### Task data
== Segment start ==

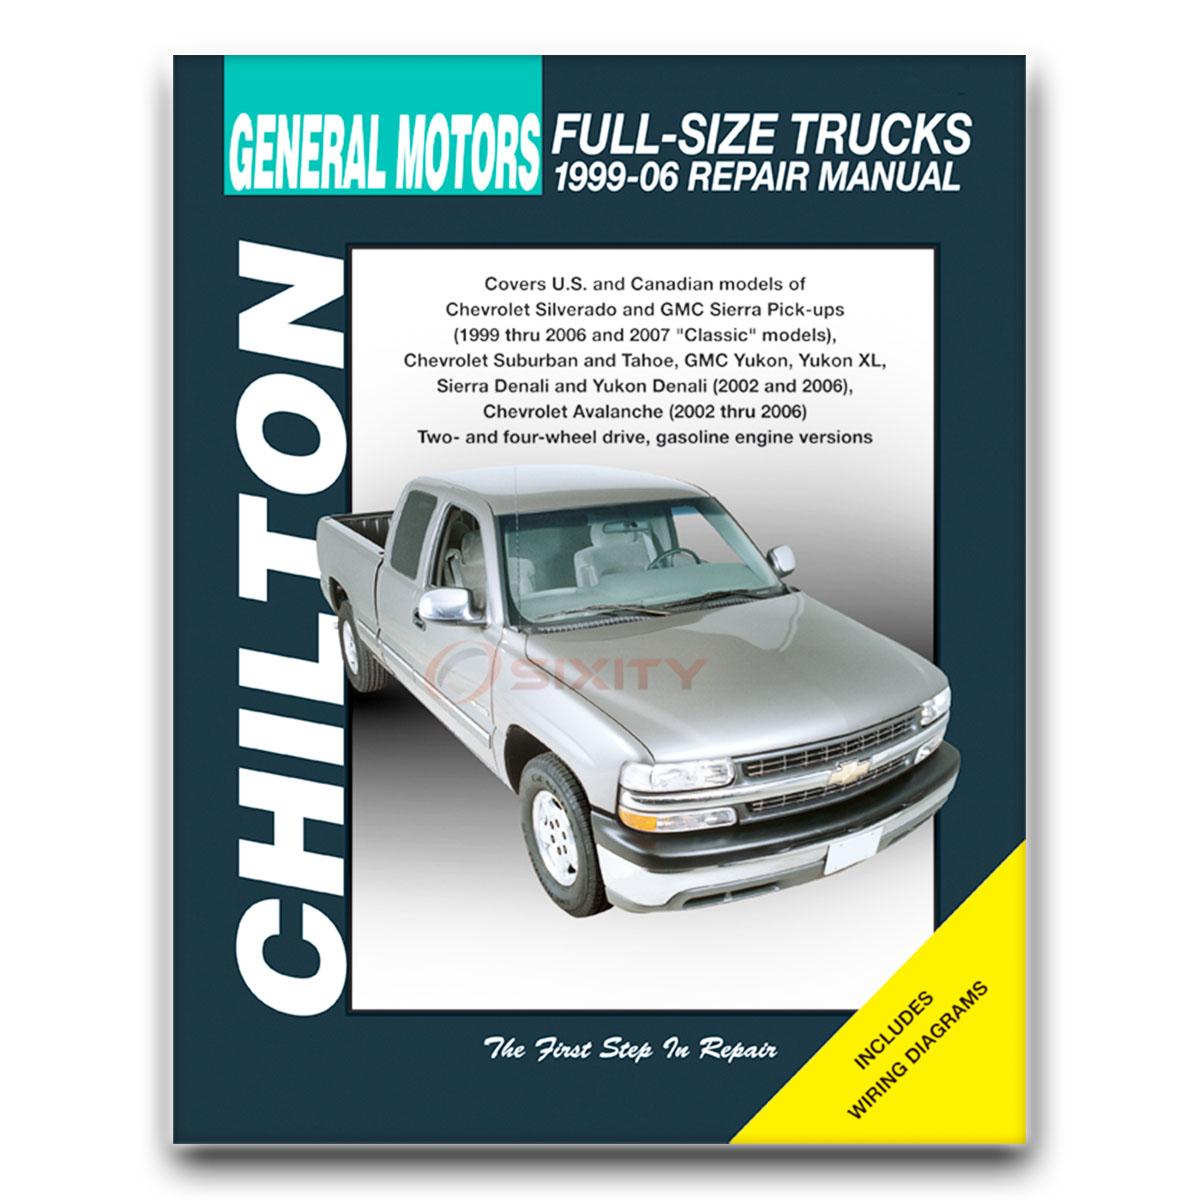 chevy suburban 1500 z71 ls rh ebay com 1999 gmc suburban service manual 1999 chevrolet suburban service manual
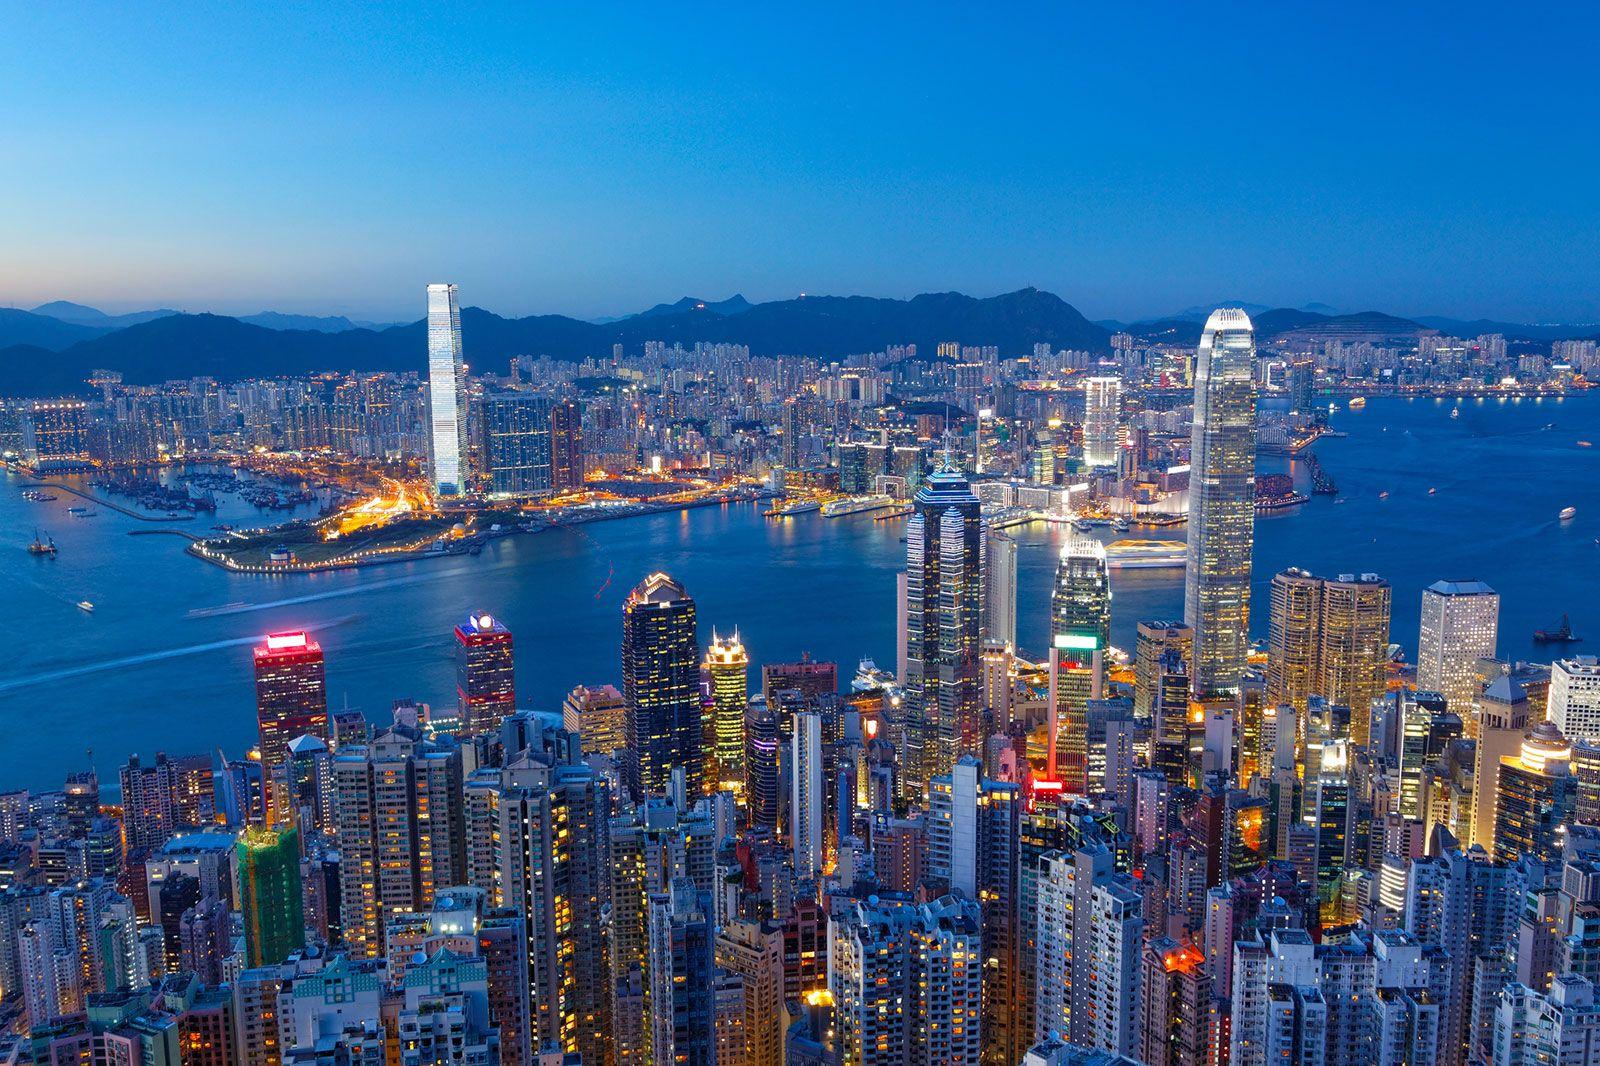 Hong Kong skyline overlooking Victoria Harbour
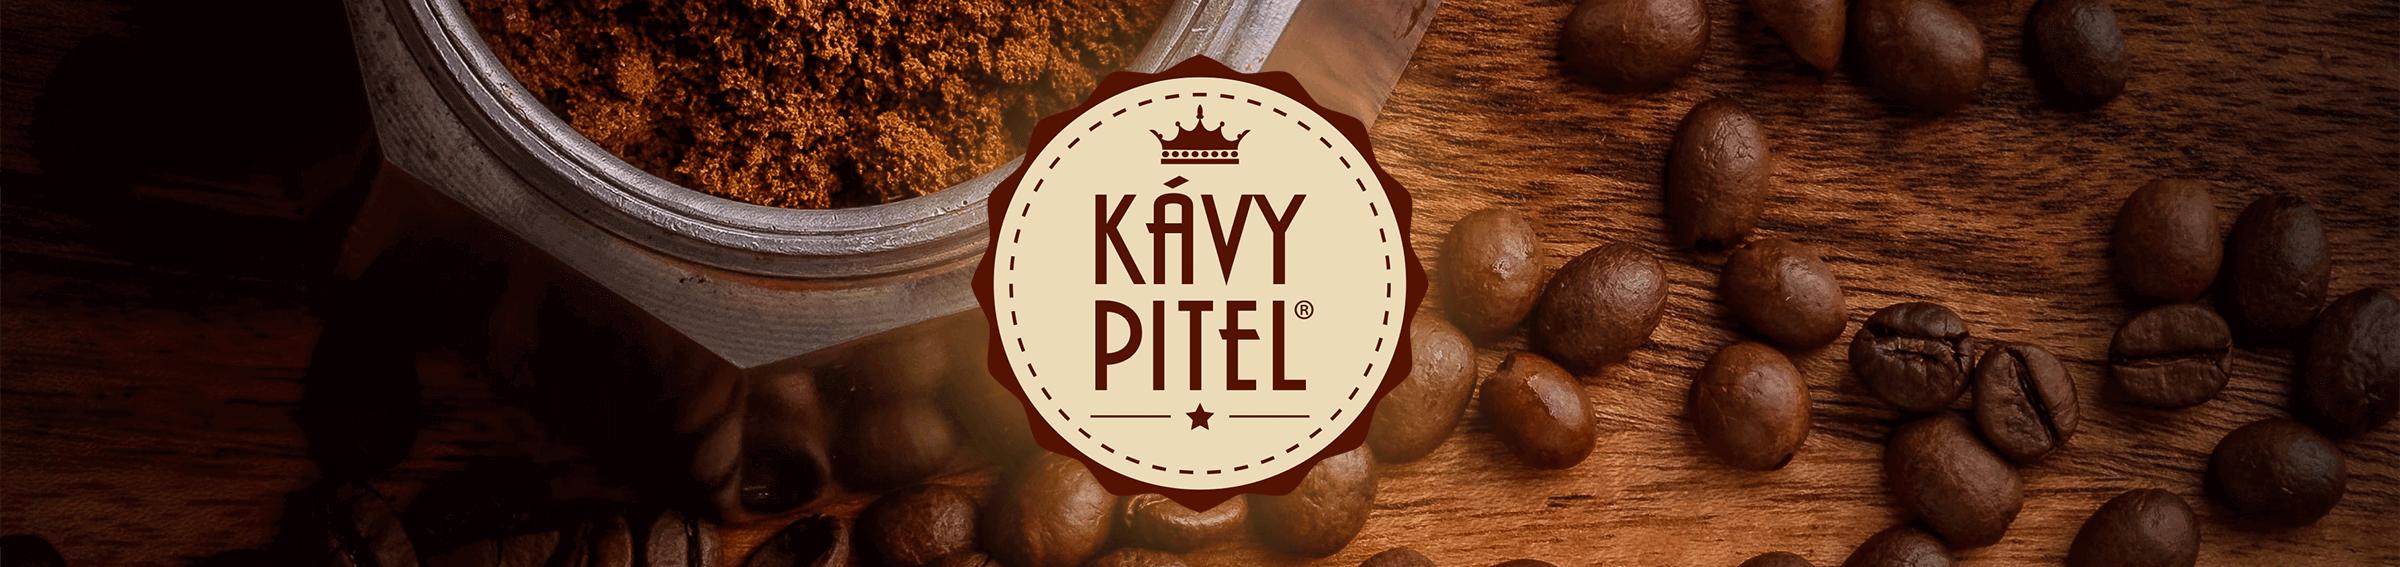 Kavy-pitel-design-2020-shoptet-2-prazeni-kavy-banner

== Segment end ==
== Segment start ==

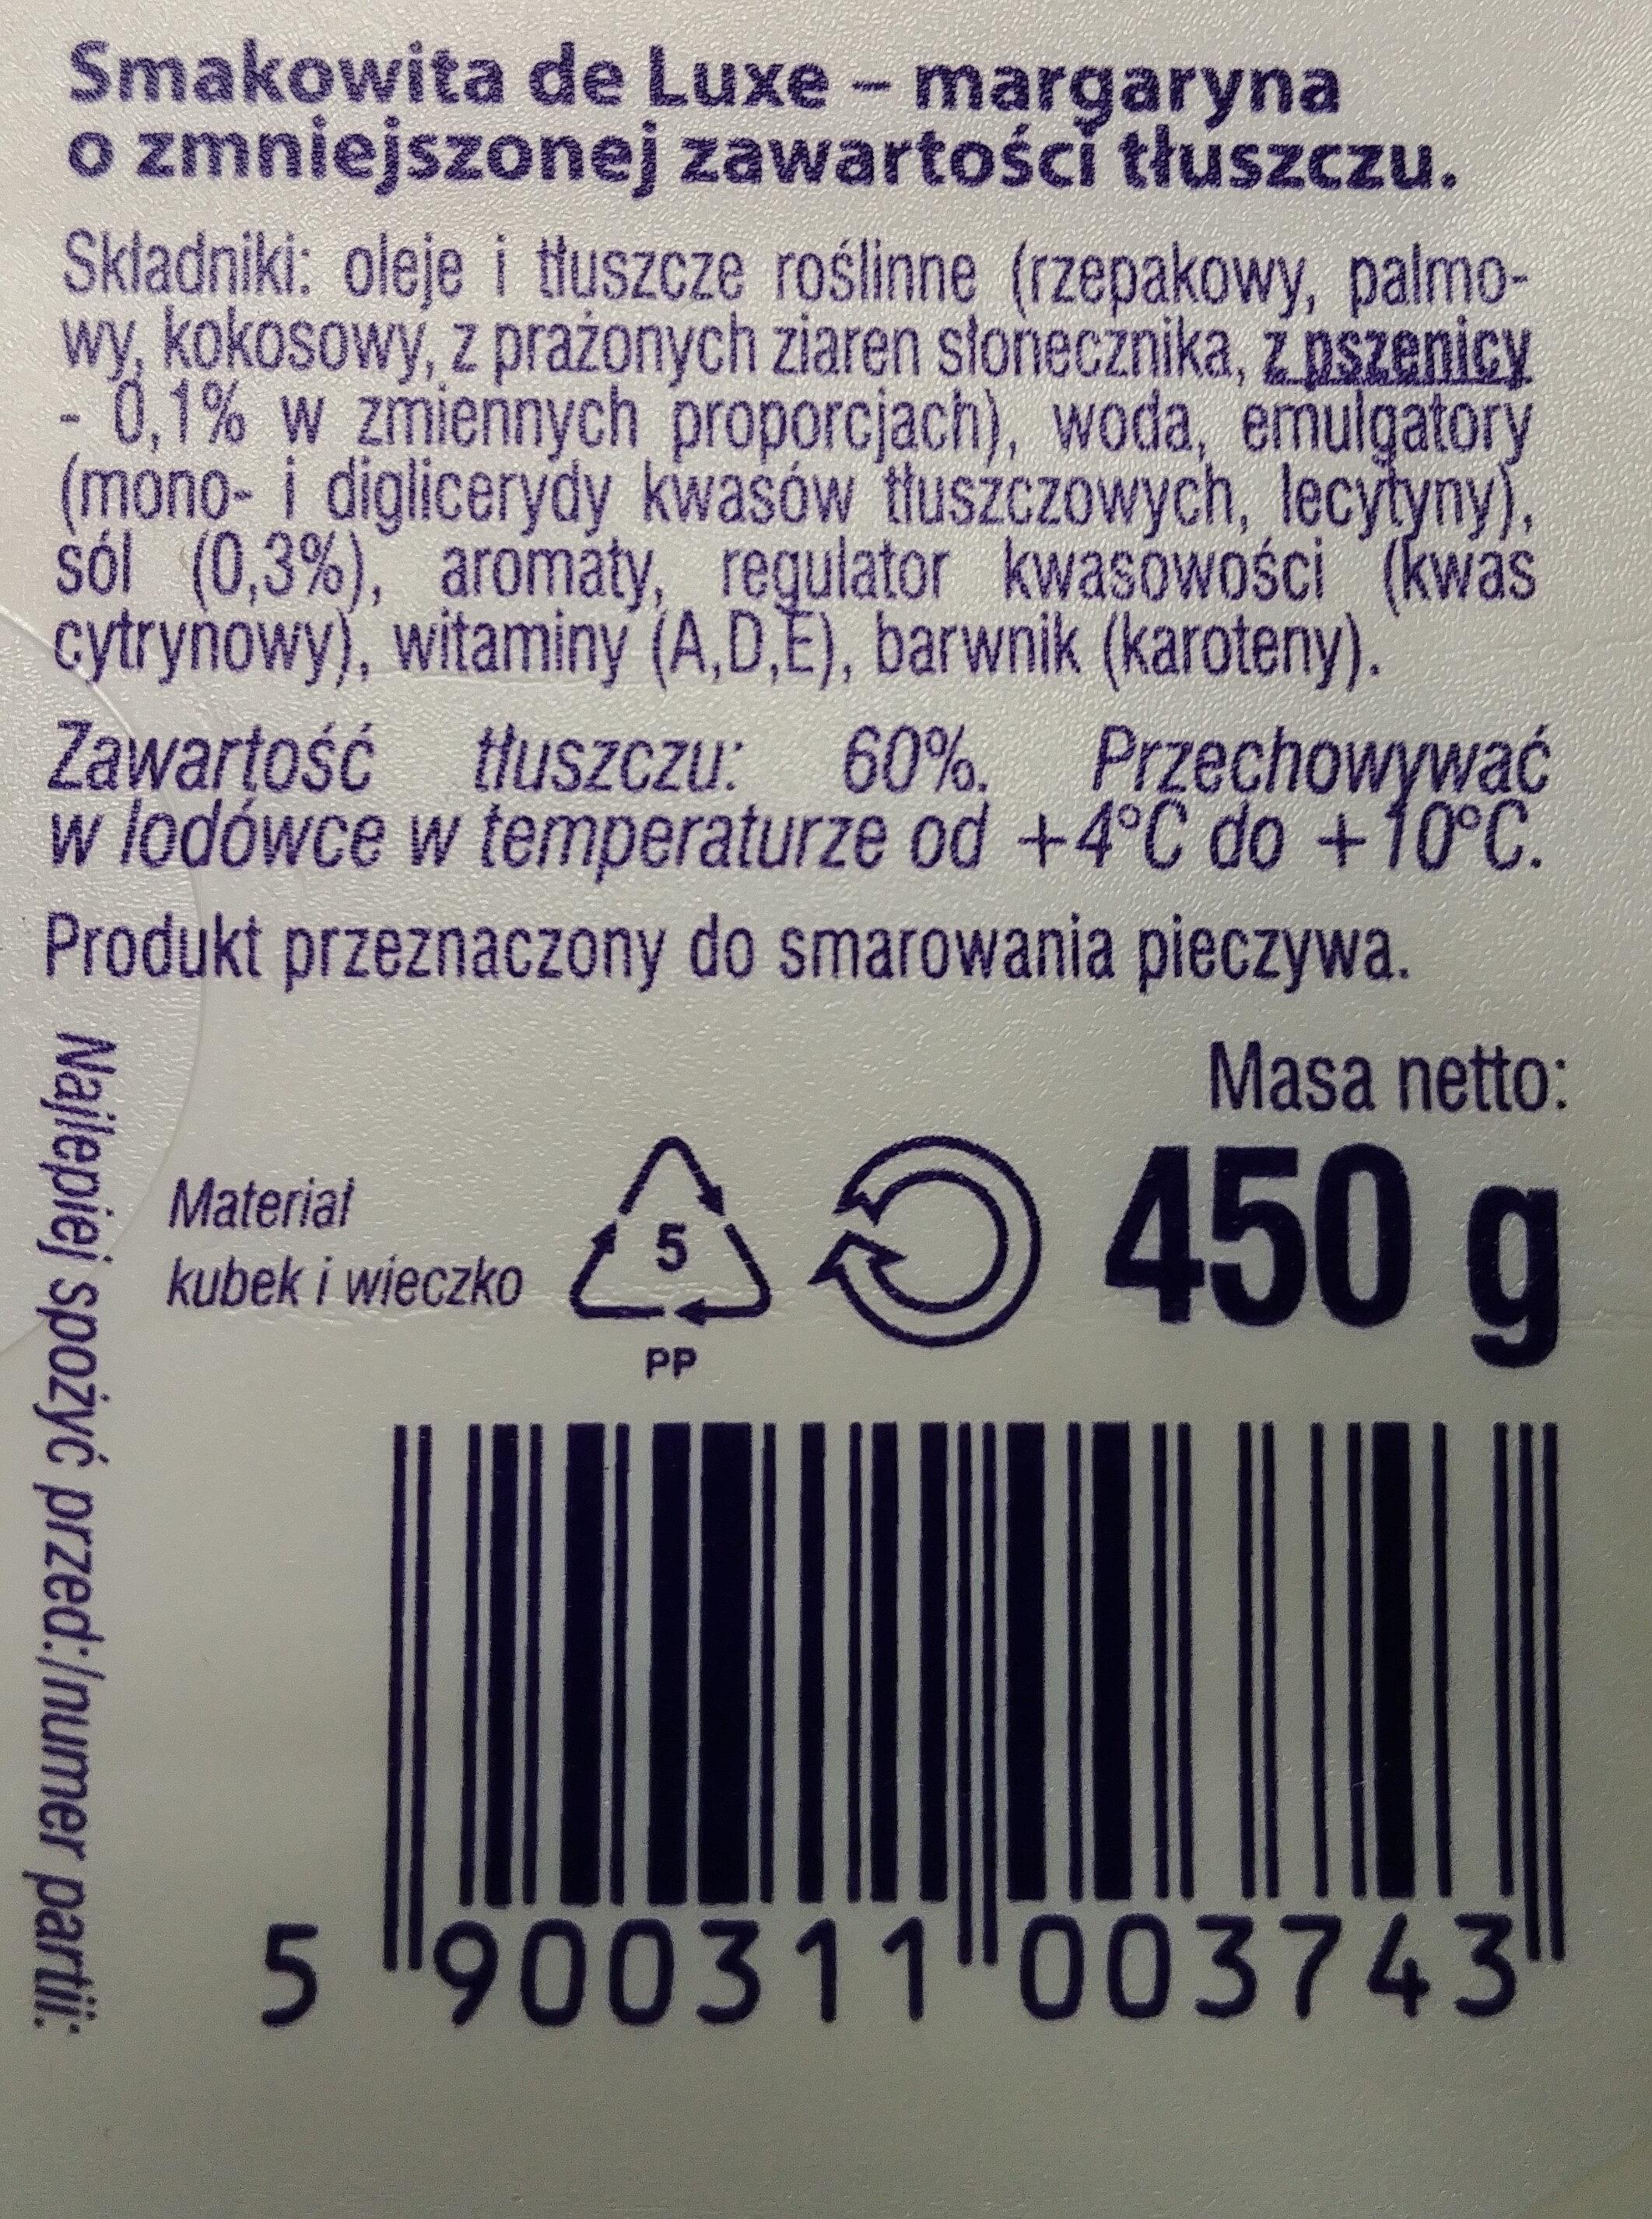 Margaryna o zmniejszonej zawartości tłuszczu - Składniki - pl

== Segment end ==

### What to work on
Only one stretch of the entries above is needed: the lines from the one containing "Hong Kong skyline" through the one containing "Kavy-pitel-design-2020-shoptet-2-prazeni-kavy-banner". Copy it exactly, without the pictures.

### Solved exercise
 Hong Kong skyline overlooking Victoria Harbour
 Kavy-pitel-design-2020-shoptet-2-prazeni-kavy-banner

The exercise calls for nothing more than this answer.